The global smart building market is forecasted to grow to $127.09 billion by 2027, with a compound annual growth rate of 12.5%. With the rise in smart buildings across the globe, let’s consider the biggest cybersecurity threats facing them.

What Is a Smart Building?

A smart building is fitted with solutions that allow for automation, preventive maintenance, and space optimization. They are characterized by the use of integrated systems that communicate and share information. 

Smart buildings reduce business costs by optimizing the space used through occupancy analytics, which determines if working areas and communal zones are effectively used. They can link core systems and integrate different building systems to ensure they are working in perfect harmony.

Using technologies like artificial intelligence, the Internet of Things (IoT), building management systems, and augmented reality, smart buildings are useful for preventive maintenance. Through the data collected via the many touchpoints and sensors, a realistic picture can be built up of when and how the building is being used.

This allows for a proactive approach to managing wear and tear, cleaning and restocking, and prolonging the life of equipment, furnishings and appliances.

How Do Smart Buildings Benefit Businesses?

Smart buildings are seen as the future for many businesses because they have proven to increase productivity, reduce energy consumption, and lower operating costs. Productivity in smart buildings increases thanks to better air quality, security, lighting, processes, and sanitation.

Reports suggest smart buildings also boost productivity by as much as 37%. In the long run, establishing a smart building enhances the smooth running of the premises while adapting to its ever-changing needs.

Building Automation System (BAS)

A huge vulnerability for smart buildings is the BAS, which is used to control the heating, ventilation, lighting, security and air conditioning. Lighting, climate, and elevator systems are interconnected in a smart building, but often the security protocols in place are not robust enough. For example, the systems in place for HVAC systems are not always data encrypted.

Given that Target’s retail chain suffered a massive data breach in 2013 due to hackers infiltrating its HVAC network, it’s important to shore up any potential hole. Increased entry points for hackers create a wider attack surface that makes businesses within smart buildings vulnerable.

IoT Devices

For smart buildings to function effectively they rely on a multitude of IoT devices to communicate with each other. However, all it takes is one compromised IoT device for hackers to get in, and it could take months before any malware they have used is detected. Fifty-seven percent of IoT devices are vulnerable to medium- or high-severity attacks, making them low-hanging fruit for attackers.

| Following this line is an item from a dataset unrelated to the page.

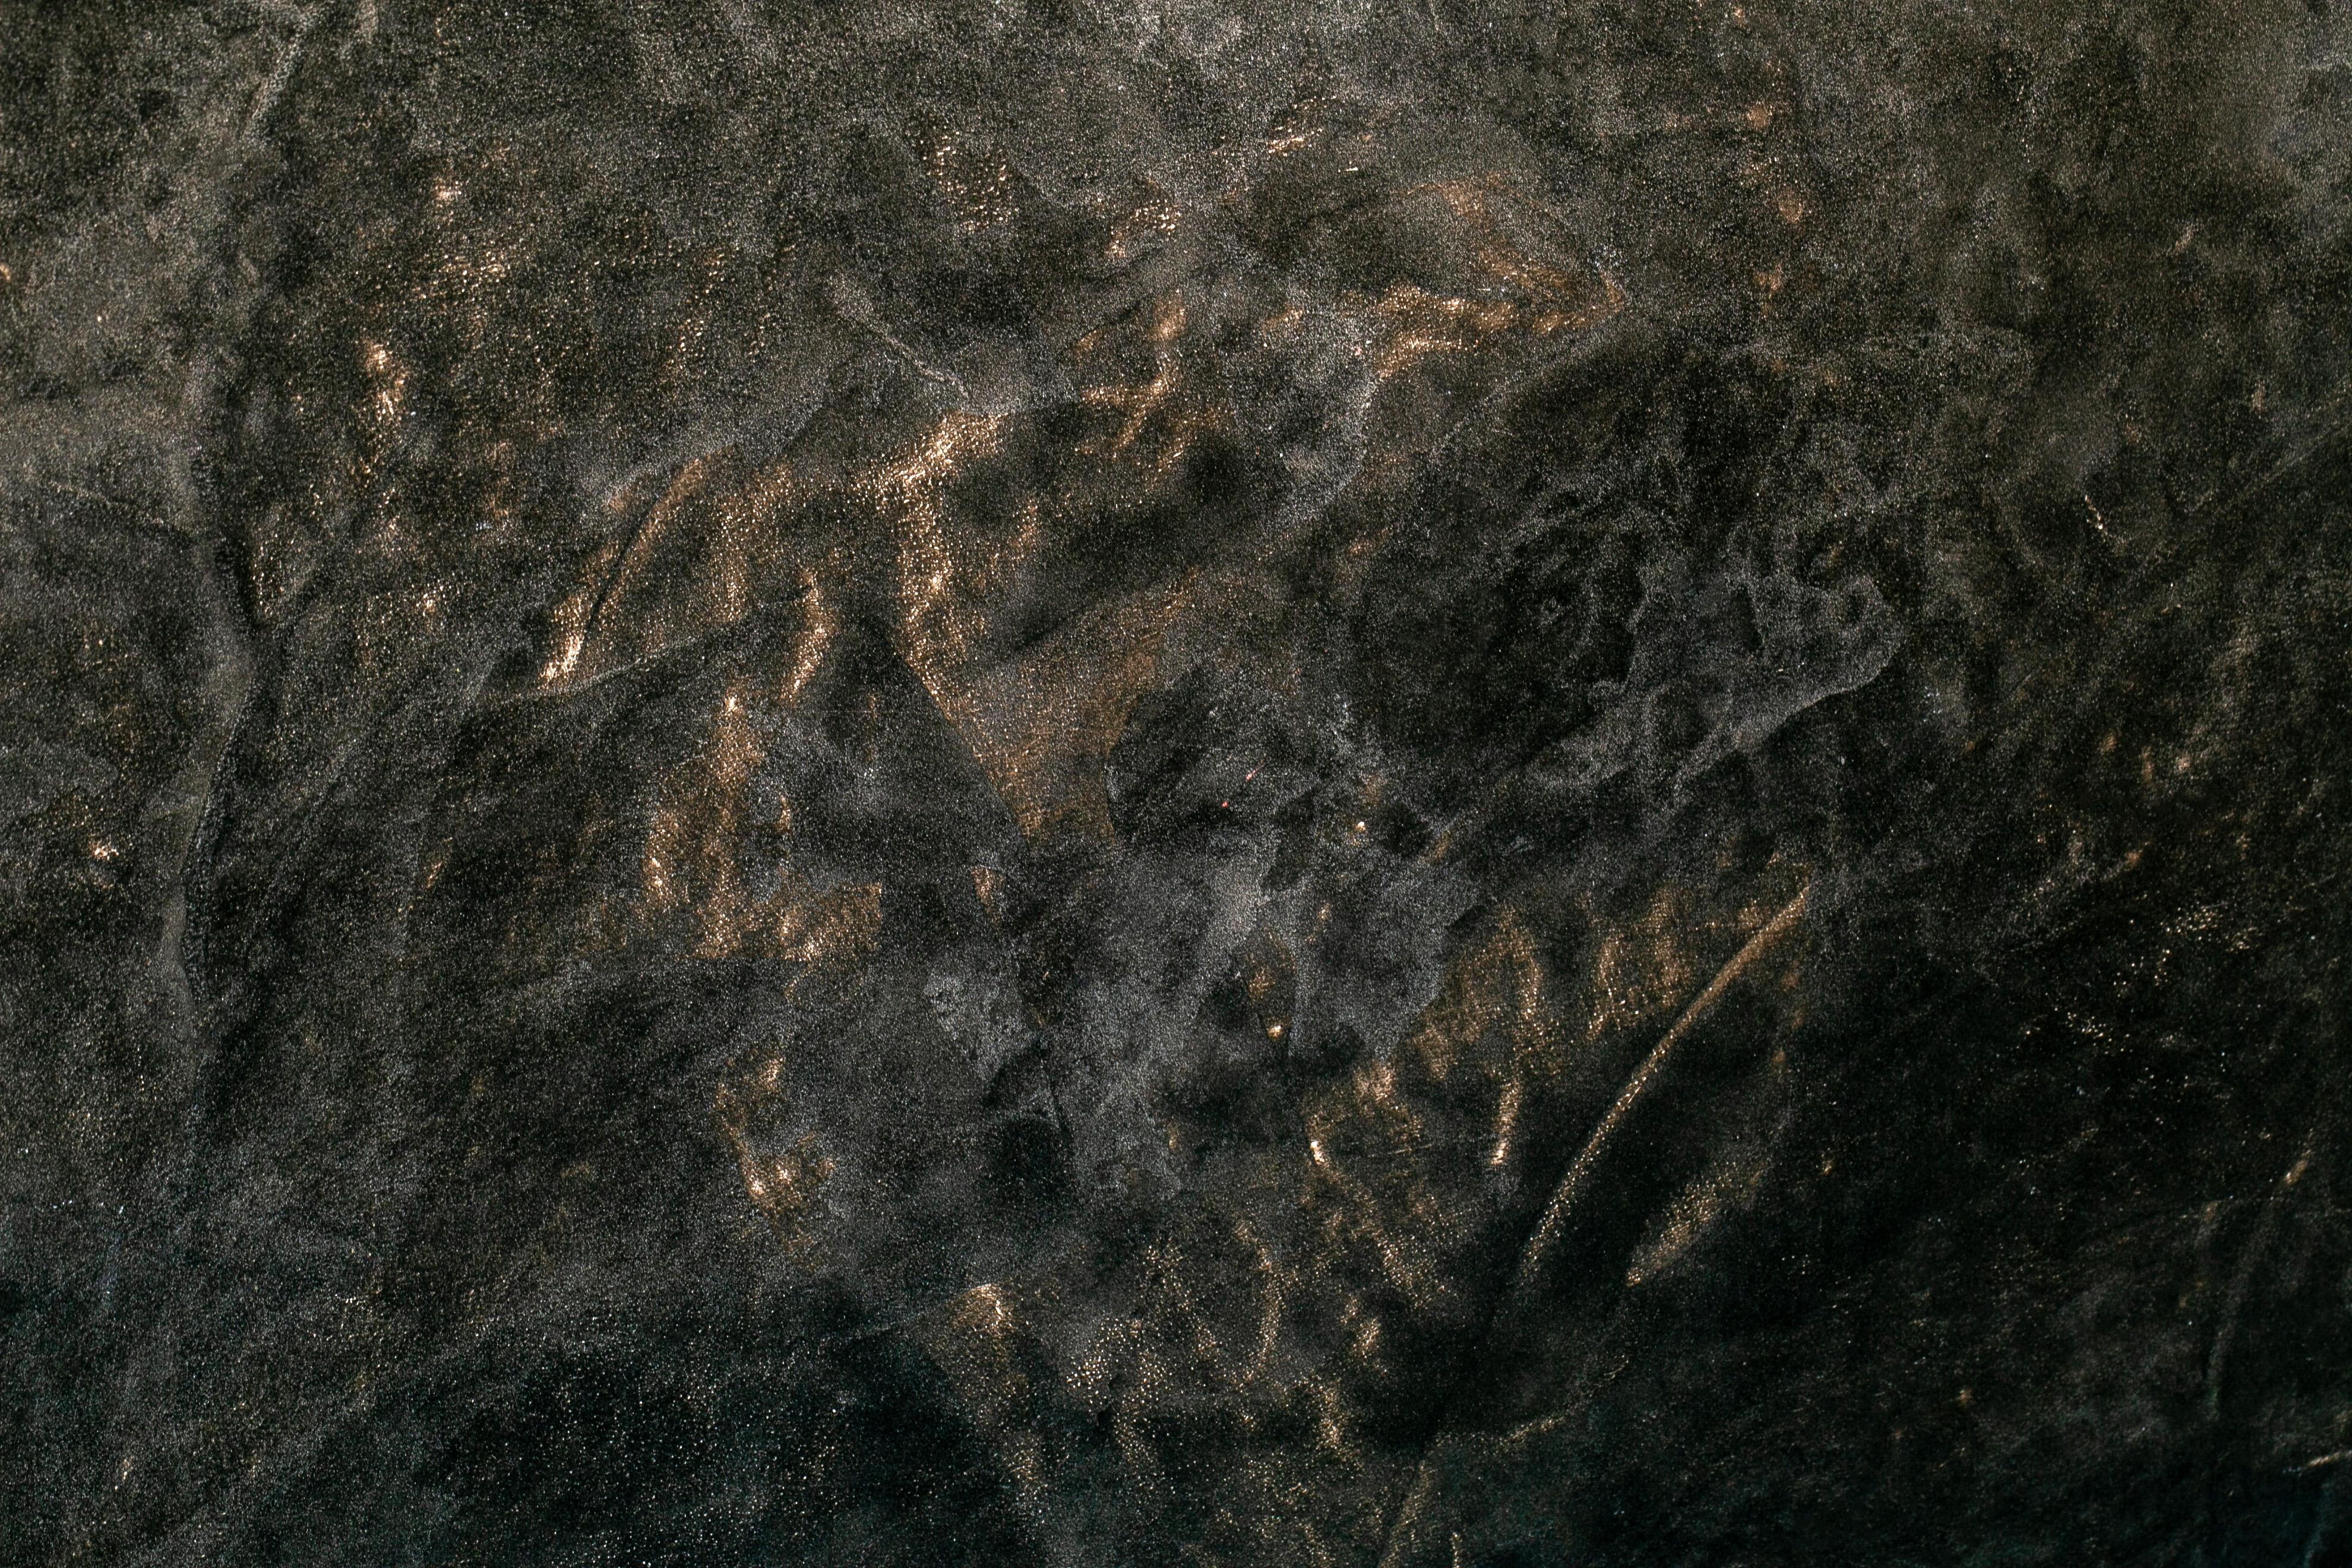 Galaxy BW-1901

IoT devices are common appliances that you might even find around your home but that are connected to the internet. Examples of IoT devices include doorbell cameras, smart meters, fitness trackers, smart speakers, and connected cars. An unprotected device is like leaving the backdoor open or a key under the mat.

There were even security doubts raised about whether Joe Biden could bring his Peloton bike into the White House when he became president. Ensuring that every single device connected in a smart building has adequate security is a must if companies want to avoid data breaches.

Users Make Systems Vulnerable

While as much autonomy as possible is better for smart buildings, there ultimately must be some human input. Often, the people using the systems are the ones who can leave them the most vulnerable. Everyone makes mistakes, but when it comes to cybersecurity, one mistake is all it takes for a network to be breached and data to be mined.

Human error in this instance might be accidentally downloading or clicking a link to malware, or using an old password and not changing it. For instance, 123456 remains one of the most popular passwords in the world, while 45% of people reuse the same password for their main email account on other services.

Nowadays many people are working from various locations, and if they are not using their work equipment on a secure network, it may make their device vulnerable to attack. If the device is vulnerable, then the smart building they work in is also vulnerable.

Using Outdated Software

Research from Kaspersky shows that 37% of computers used to control smart building automation systems were affected by malicious attacks in the first half of 2019. With so many devices and touchpoints found in smart buildings, it’s important that they are all running the latest versions of their operating software.

Outdated software creates an easy pathway for cybercriminals to gain entry into a smart building’s network. Most malware targets older software versions on phones, tablets, and computers to exploit vulnerabilities that have been fixed in newer versions.

Failing to download an update is asking for trouble, and whenever one is available, it should be installed right away. Outdated software can also cause compatibility issues with other devices, increasing the vulnerabilities to cyberattacks as there are many devices and sensors needed to effectively operate a smart building.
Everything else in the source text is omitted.